In a bid to woo back foreign tourists scared off by a bloody separatist rebellion, authorities have made the sprawling lake in the summer capital, Srinagar, the world's latest, and certainly one of its most unusual, Wireless Fidelity Wi-Fi "hotspots."
"This facility... [will] tap travelers who would like to remain connected to the rest of the world," Jammu and Kashmir state tourism chief Saleem Beig said Monday. "It goes a long way in sending the right kind of signals to tourists."
Wi-Fi allows users with laptops and other wireless gadgets to connect to the Internet through local access points, known as hotspots, set up by an Internet service provider.
Popular across much of Asia, where hotspots, with a range of a few hundred meters, include hotels, restaurants and city streets, Wi-Fi is only just taking off even in India's cities.

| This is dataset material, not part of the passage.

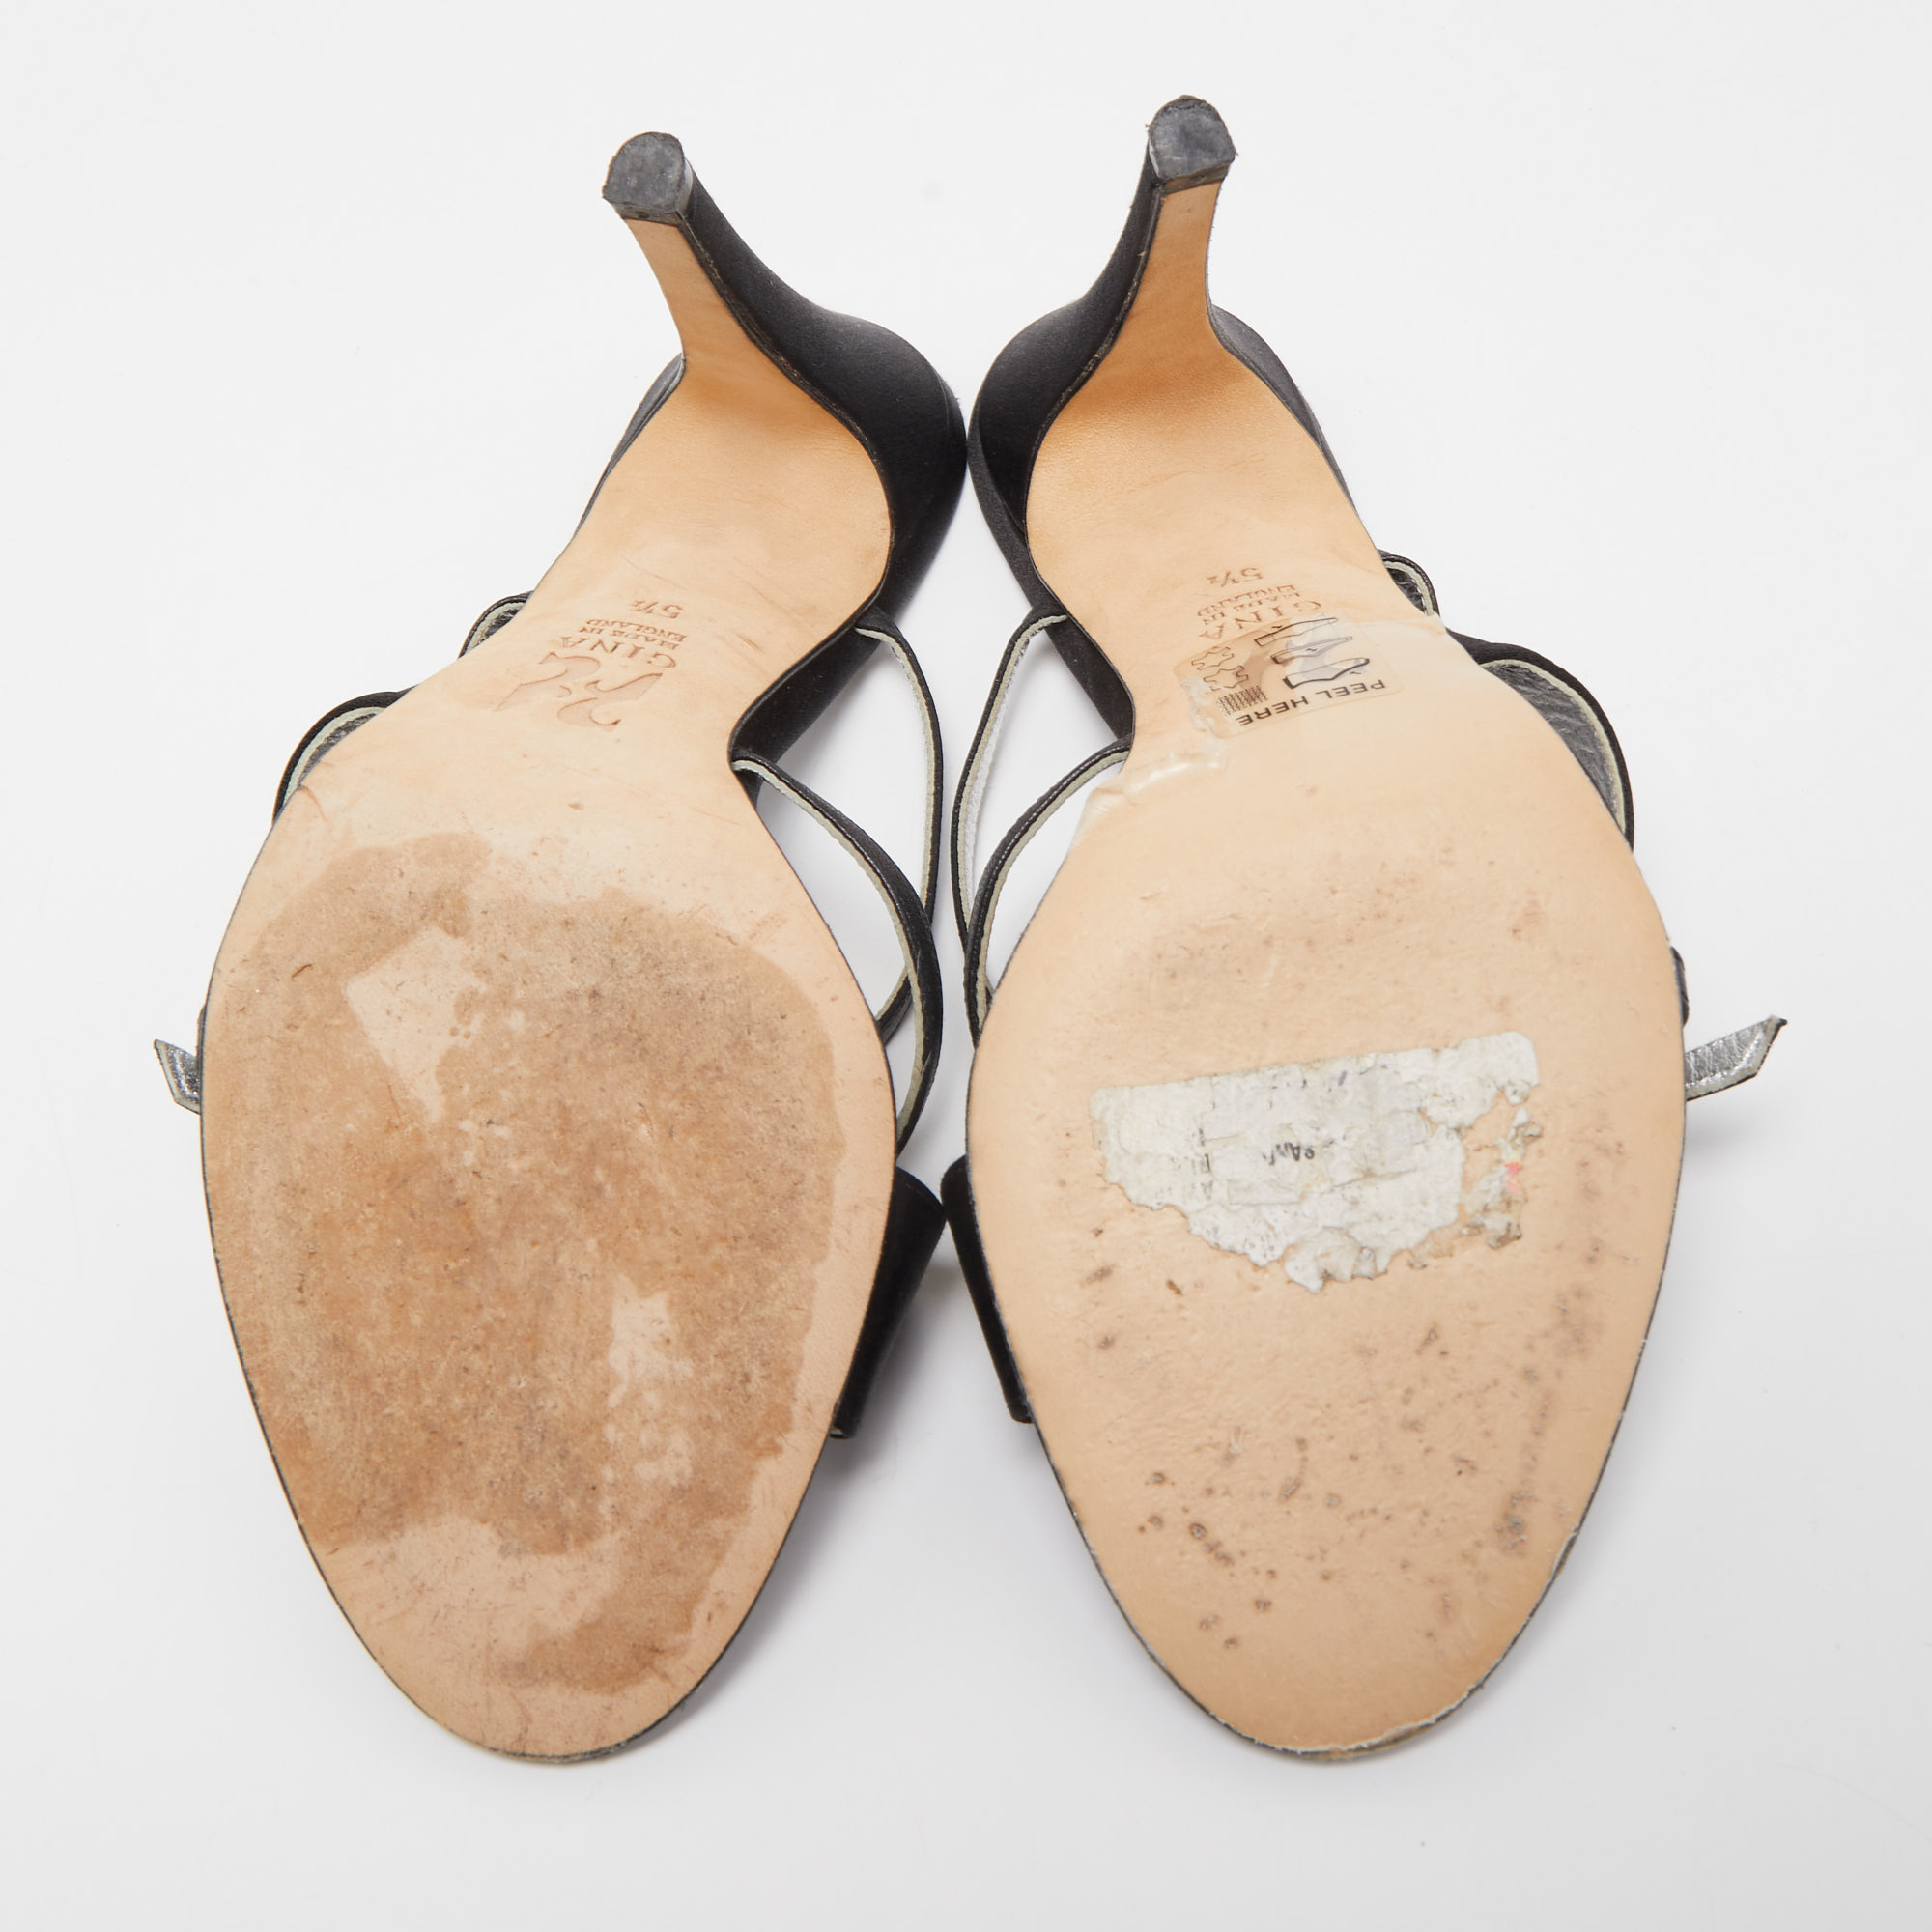 Gina Black Satin Crystal Embellished Cross Strap Slides Sandals Size 38.5

In Kashmir, authorities have long kept a tight leash on all communications in to make it harder for separatists to contact each other and for years refused to allow even limited mobile phone services in Srinagar and the winter capital, Jammu.
But getting tourists back, especially foreigners, is seen as vital to the economy and to restoring normal life.
More than a million tourists, almost half from abroad, flocked to the Kashmir's lakes, pine forests and its towering snow-tipped Himalayan peaks each year before a bloody Muslim rebellion against Indian rule broke out in 1989.